Suppose a 128-Kbps point-to-point link is set up between Earth and a rover on Mars. The distance from Earth to Mars (when they are closest together) is approximately \(55 \mathrm{Gm}\), and data travels over the link at the speed of light-3 \(\times 10^{8} \mathrm{~m} / \mathrm{s}\). (a) Calculate the minimum RTT for the link. (b) Calculate the delay \(\times\) bandwidth product for the link. (c) A camera on the rover takes pictures of its surroundings and sends these to Earth. How quickly after a picture is taken can it reach Mission Control on Earth? Assume that each image is \(5 \mathrm{Mb}\) in size.

Assume you wish to transfer an \(n\)-byte file along a path composed of the source, destination, seven point-to-point links, and five switches. Suppose each link has a propagation delay of \(2 \mathrm{~ms}\), bandwidth of \(4 \mathrm{Mbps}\), and that the switches support both circuit and packet switching. Thus you can either break the file up into 1-KB packets, or set up a circuit through the switches and send the file as one contiguous bit stream. Suppose that packets have 24 bytes of packet header information and 1000 bytes of payload, that store-and-forward packet processing at each switch incurs a 1 -ms delay after the packet has been completely received, that packets may be sent continuously without waiting for acknowledgments, and that circuit setup requires a 1-KB message to make one round-trip on the path incurring a 1-ms delay at each switch after the message has been completely received. Assume switches introduce no delay to data traversing a circuit. You may also assume that file size is a multiple of 1000 bytes. (a) For what file size \(n\) bytes is the total number of bytes sent across the network less for circuits than for packets? (b) For what file size \(n\) bytes is the total latency incurred before the entire file arrives at the destination less for circuits than for packets? (c) How sensitive are these results to the number of switches along the path? To the bandwidth of the links? To the ratio of packet size to packet header size? (d) How accurate do you think this model of the relative merits of circuits and packets is? Does it ignore important considerations that discredit one or the other approach? If so, what are they?

Suppose a host has a 1-MB file that is to be sent to another host. The file takes 1 second of CPU time to compress \(50 \%\), or 2 seconds to compress \(60 \%\). (a) Calculate the bandwidth at which each compression option takes the same total compression + transmission time. (b) Explain why latency does not affect your answer.

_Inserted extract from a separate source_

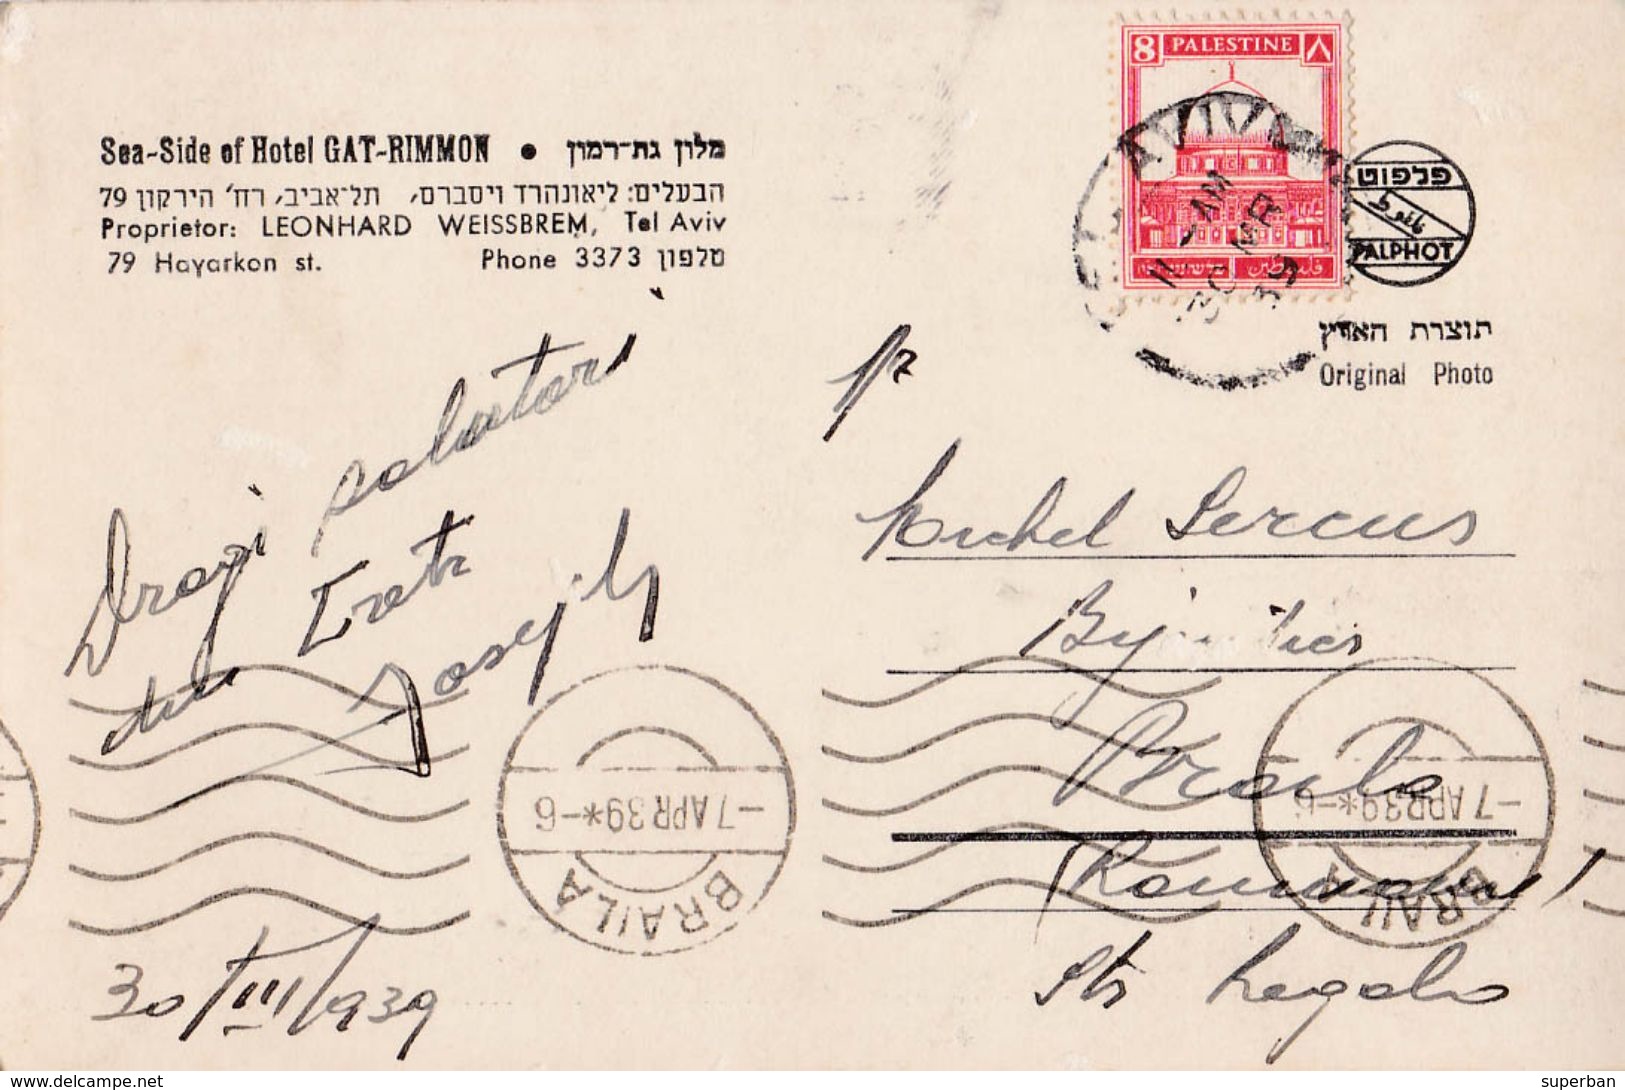 PALESTINE / ISRAEL : TEL AVIV : HOTEL GAT-RIMMON - CARTE VRAIE PHOTO / REAL PHOTO ~ 1935 - '39 - RARE !!! (w-483) - Israele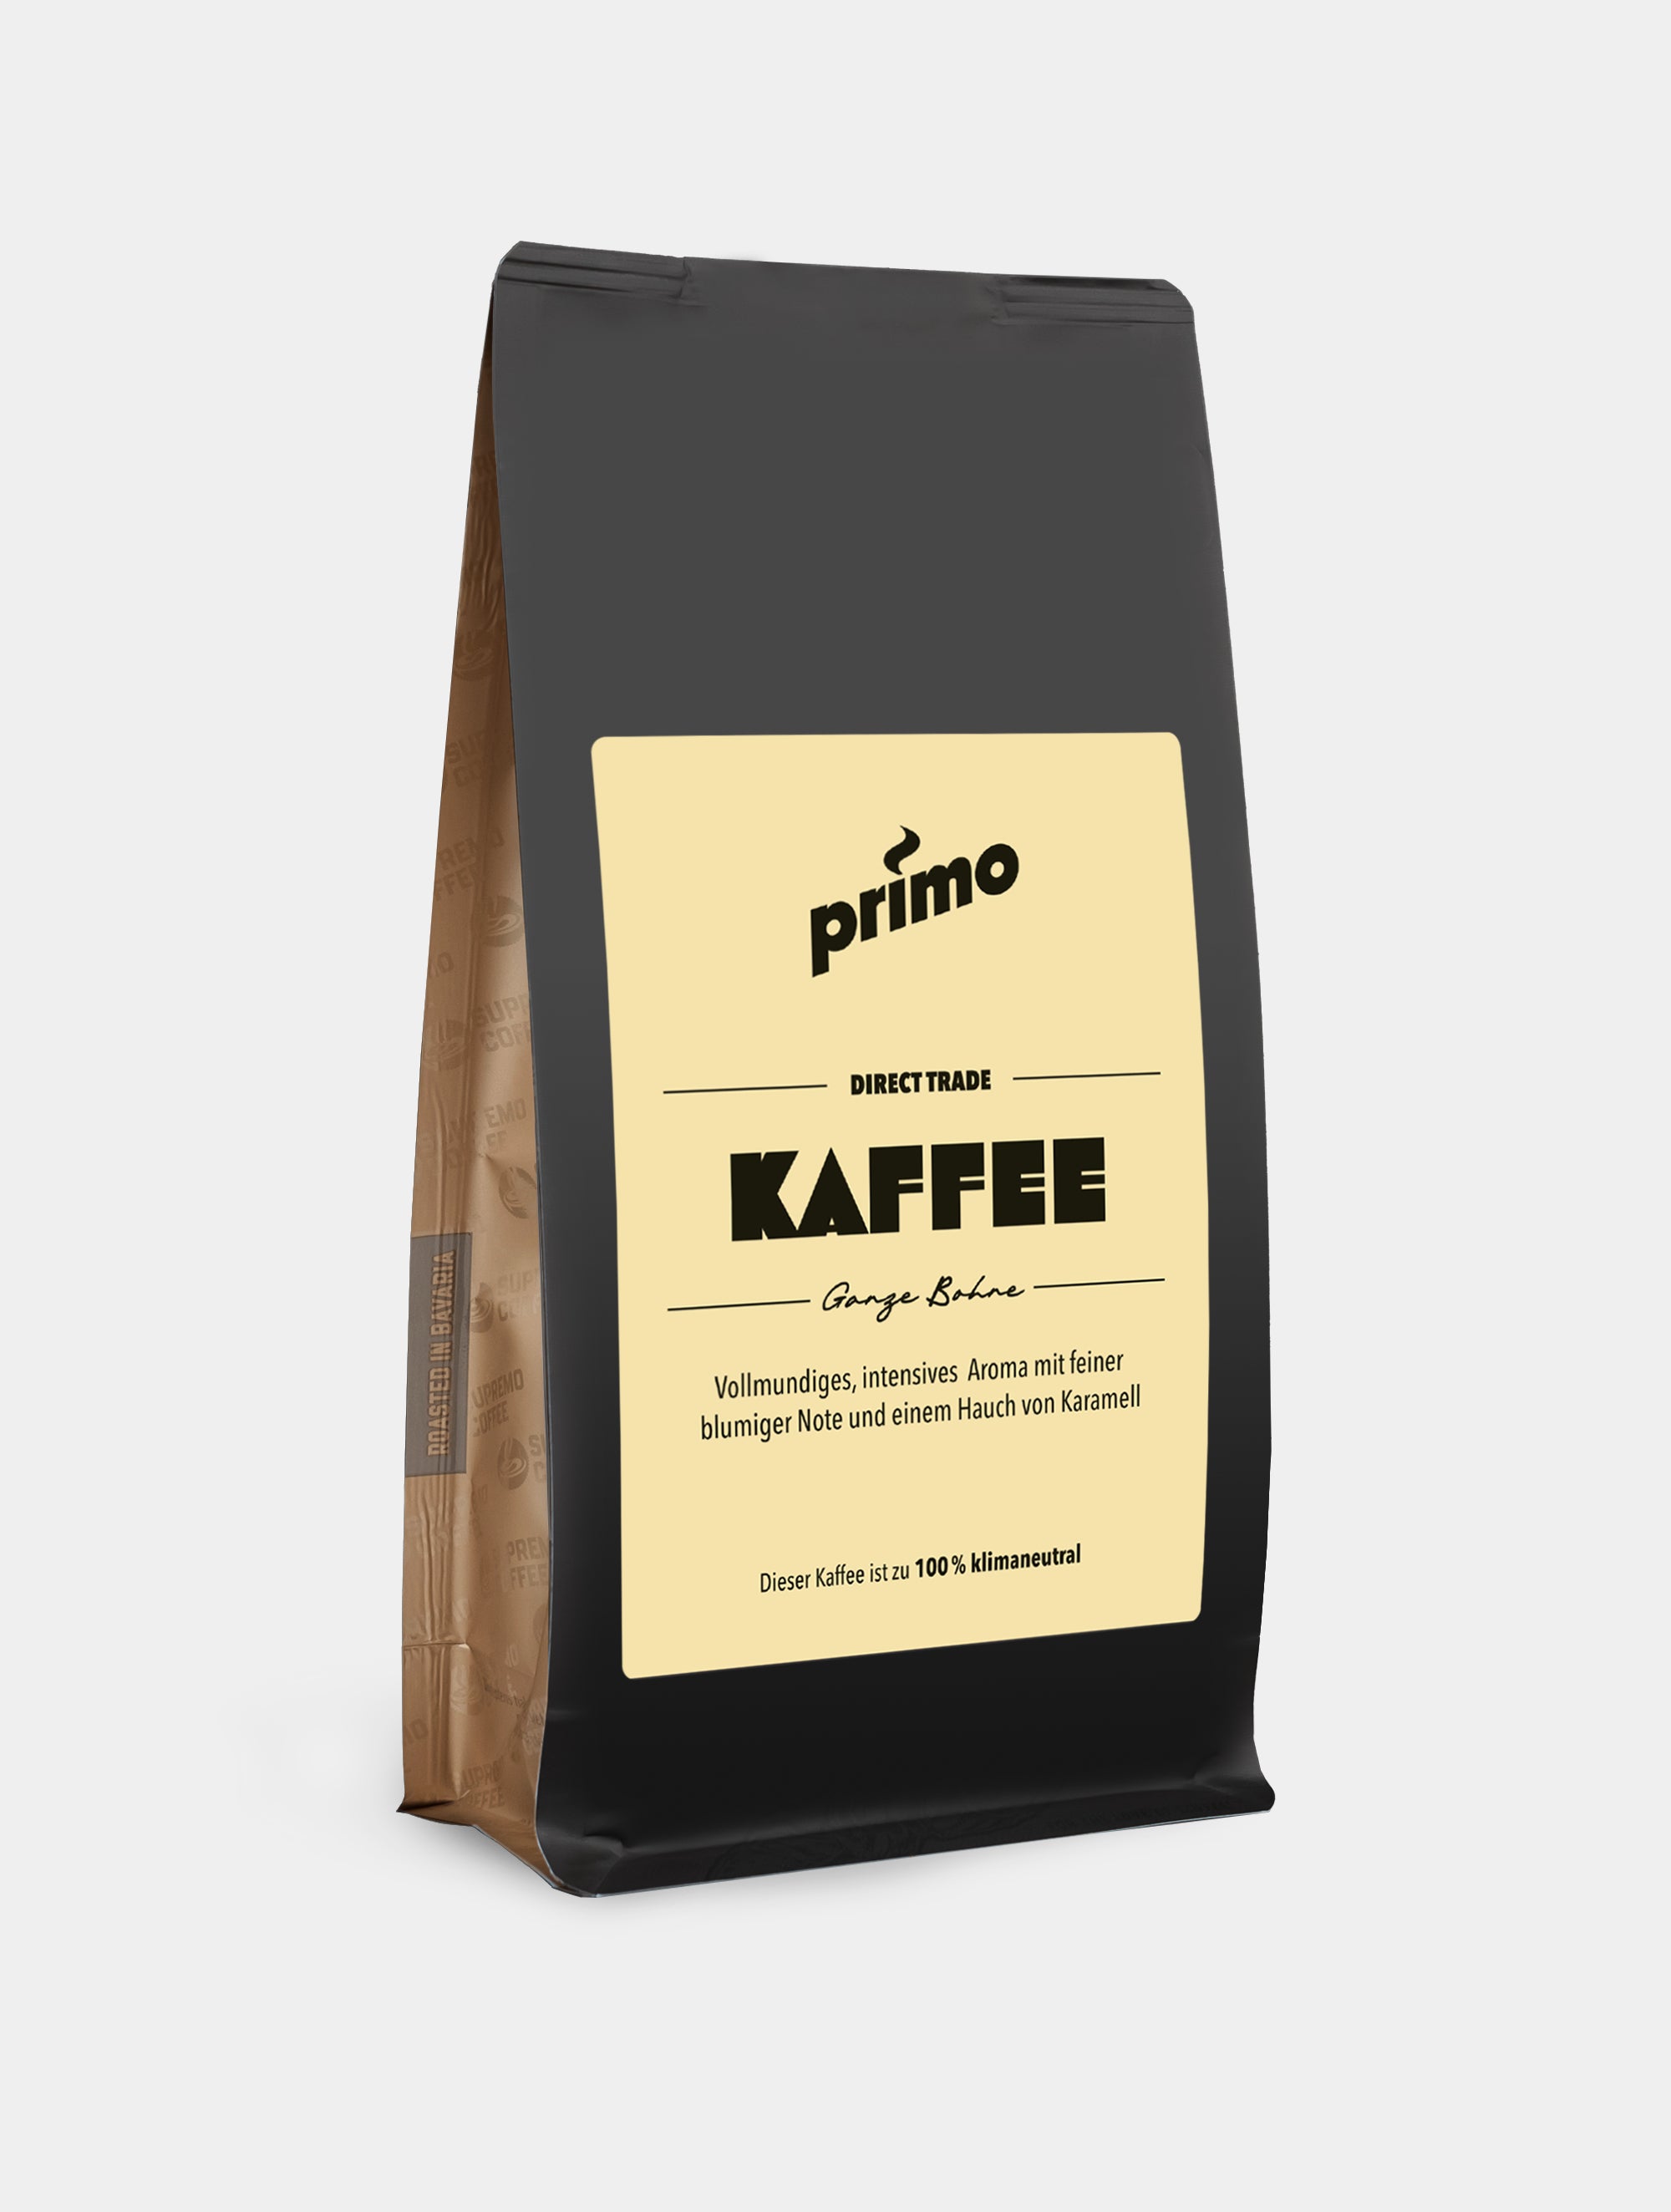 PRIMO Kaffee: Produktbild schräg

One property of addresses is that they are unique; if two nodes had the same address it would be impossible to distinguish between them. What other properties might be useful for network addresses to have? Can you think of any situations in which network (or postal or telephone) addresses might not be unique?

Calculate the bandwidth \(x\) delay product for the following links. Use one-way delay, measured from first bit sent to first bit received. (a) 10-Mbps Ethernet with a delay of \(10 \mu \mathrm{s}\). (b) 10-Mbps Ethernet with a single store-and-forward switch like that of Exercise \(18(\mathrm{a})\), packet size 5000 bits, and \(10 \mu\) ser link propagation delay. (c) \(1.5\)-Mbps T1 link, with a transcontinental one-way delay of \(50 \mathrm{~ms}\). (d) \(1.5-\mathrm{Mbps} \mathrm{T} 1\) link through a satellite in geosynchronous orbit, \(35,900 \mathrm{~km}\) high. The only delay is speed-of- light propagation delay.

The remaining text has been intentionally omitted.